Raster graphics editor

Corel Painter Essentials is a home software studio for turning photographs into paintings. Corel Painter Essentials is now in its 7th incarnation.

==Features==

===Workspaces===
Painter Essentials provides two workspaces that can be switched between at any time.

The Drawing and Painting workspace is used for doodling, sketching or painting from scratch.

The Photo Painting workspace is used for creating a painting from a photograph. In this workspace, a variety of styles of paintings can be created from a photo in a single click. Alternatively, one can paint by hand with the program automatically choosing colors from the corresponding location in the original photo.

===Tools===
Painter Essentials provides a variety of brushes and media including oil, acrylic, watercolor, gouache, and ink wash paints, together with pencils, pens, charcoal, pastels, chalks and a variety of blenders. A variety of paper textures or canvases can be chosen for use in conjunction with any of these media.
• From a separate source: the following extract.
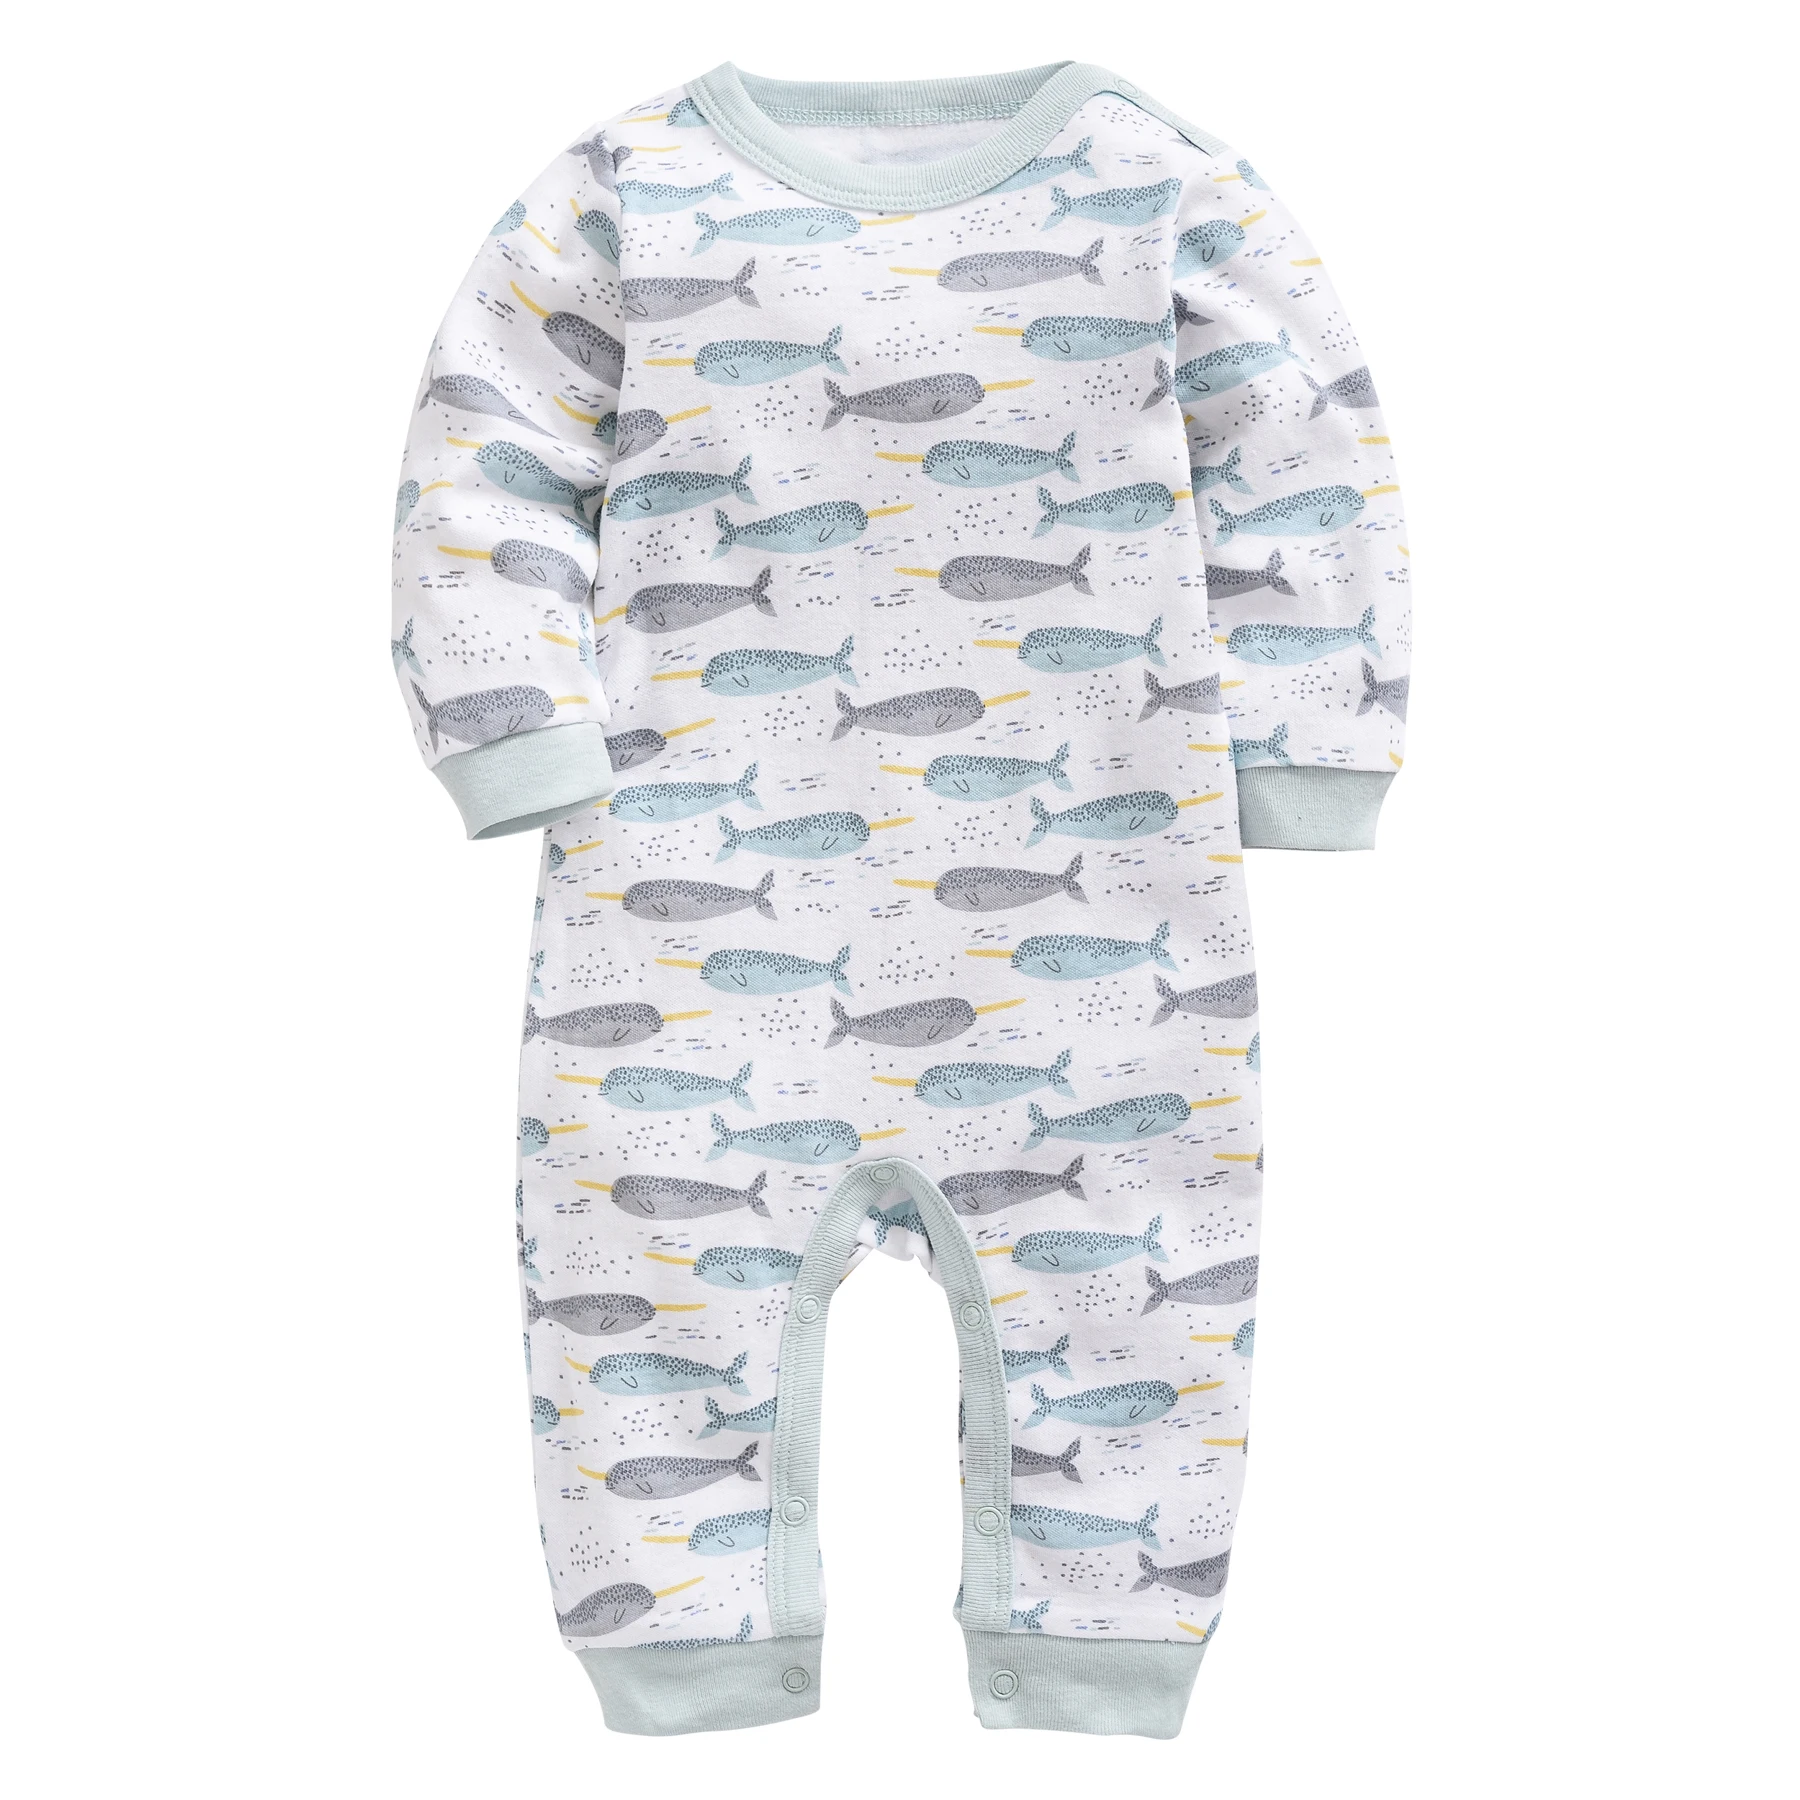 

Baby Boy Clothes Rompers Newborn Girl Cute Print Playsuits Sunsuit Cotton Soft New Born Infant Jumpsuit Body suit Baberos Onesie

Color can be selected from a set of traditional paint colors, adjusted by hue/saturation/value, or mixed in the mixer palette that mimics a traditional painter's palette.

The page can be freely rotated while drawing or painting, as one would do when using a traditional piece of paper.

The program also provides standard image editing features including layers and filters.

===Learning Material===
The program includes a set of tutorial videos by John Derry. These teach the viewer various techniques from automatically creating a painting from a photo, to introducing some touch-up by hand, to creating a cartoon, drawing or painting from scratch. Sample files are provided to allow one to follow along while watching the videos. The accompanying manual provides the same tutorials in written form, plus reference material and an art tips section.

==Versions==
- Corel Painter Essentials (2003)
- Corel Painter Essentials 2 (2004)
- Corel Painter Essentials 3 (2005)
- Corel Painter Essentials 4 (2007)
- Corel Painter Essentials 5 (2015)
- Corel Painter Essentials 6 (2018)
- Corel Painter Essentials 7 (2019)
- Corel Painter Essentials 8 (2020)

==Relation to Corel Painter==
Corel Painter Essentials is a hobbyist version of Corel's Painter line of software. Painter Essentials is used by art and photography hobbyists, while Corel Painter X is used by commercial designers, entertainment artists, professional photographers and fine artists.

Painter Essentials provides many of the same core features and capabilities as Painter X. However, in addition to the features of Painter Essentials, Painter X allows more customization of the user interface and brushes, and provides over 800 brush tools as compared to approximately 90 brushes in Painter Essentials.